The Hidden Bottleneck in Your Meeting Room

You gather your most expensive people into a room to make your most important decisions. Then, somewhere in the second hour, the room quietly gets worse at making them. Not the people. The room.

Mike Bowler, an agile coach and author, recently highlighted this phenomenon in a blog post titled "The bottleneck might be the air in the room." He travels with a portable CO₂ monitor and has recorded readings of 2,143 ppm in a standard meeting room. Outdoors, the baseline is around 400 ppm.

This isn't just a comfort issue. It's a cognitive one. Research from Lawrence Berkeley National Laboratory shows that at 1,000 ppm, performance drops significantly on six of nine decision-making measures compared to a clean-air baseline of 600 ppm. At 2,500 ppm, seven of nine measures fall substantially, some into a range described as "dysfunctional."

The Science of Stale Air

A separate study from Harvard found that cognitive scores decline as CO₂ rises, with the steepest losses in exactly the domains you called the meeting for: strategy, planning, and using information under pressure. The uncomfortable truth is that 1,000 ppm is not an extreme number. A closed room with a few people breathing in it reaches that inside the first hour.

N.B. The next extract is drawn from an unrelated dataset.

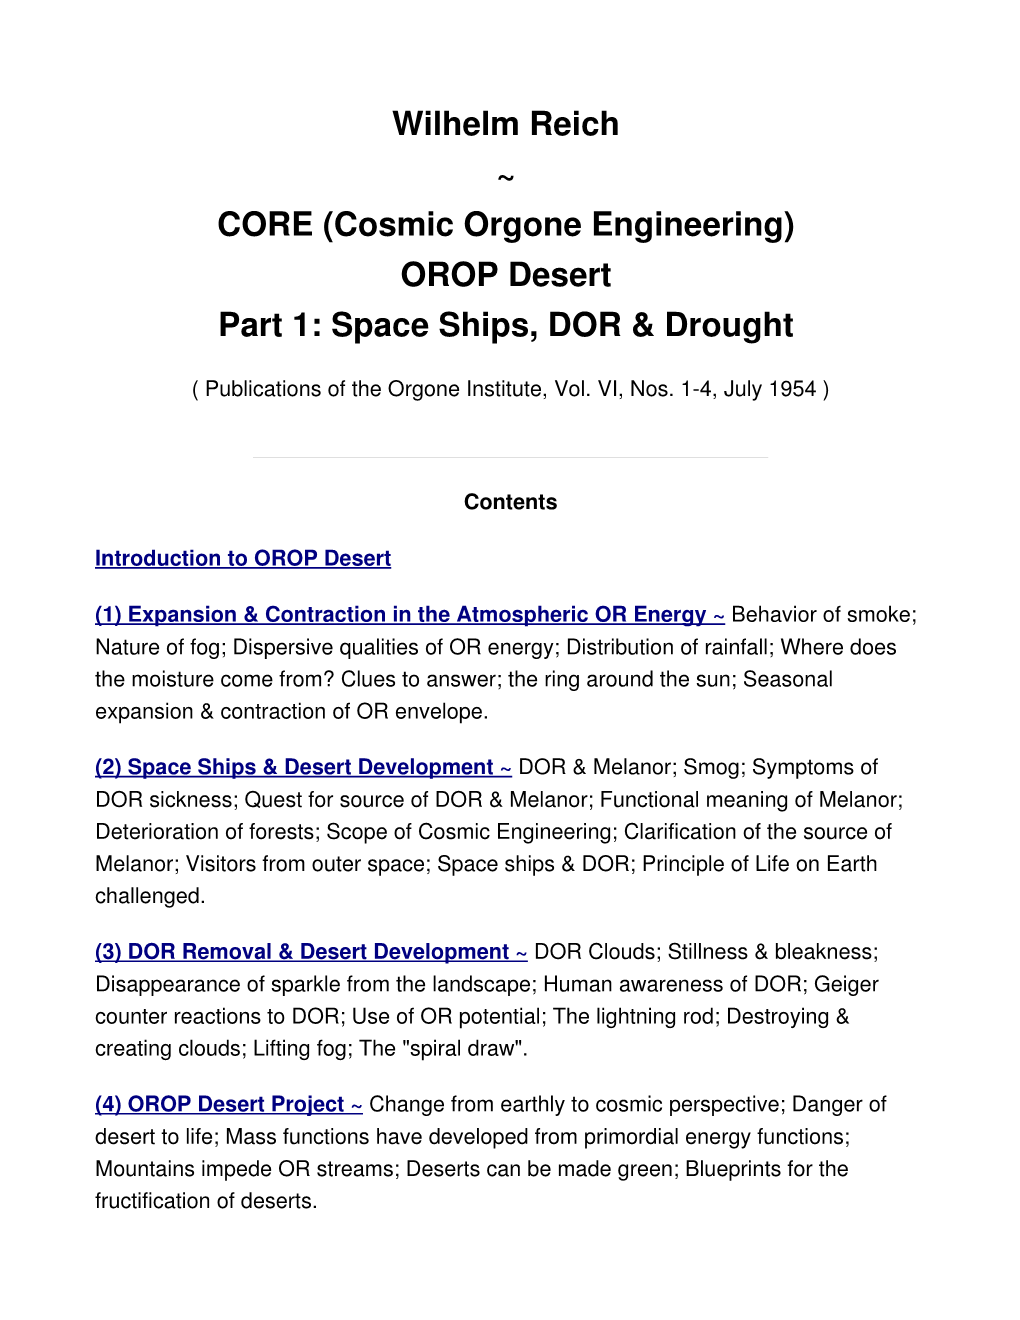 Wilhelm Reich ~ CORE (Cosmic Orgone Engineering) OROP Desert Part 1: Space Ships, DOR & Drought

Your all-day planning session, your architecture review, your quarterly strategy offsite in the windowless boardroom — these are precisely the conditions that push CO₂ into the range where decision quality measurably falls. You are running your highest-stakes thinking in the environment least suited to it.

The Invisible Impairment

And it is invisible from inside. Nobody in the room feels impaired. They feel a little tired, a little foggy, a little checked out, and they put it down to the length of the meeting, a bad night's sleep, or the person who won't stop talking. The one variable almost nobody checks is the air.

This is not only a boardroom problem. With so much work now remote, your people spend their days in small home offices with the door shut. Same physics, same climb, same afternoon fog. The dip your team hits mid-afternoon may owe less to motivation than to a room that hasn't exchanged its air since morning.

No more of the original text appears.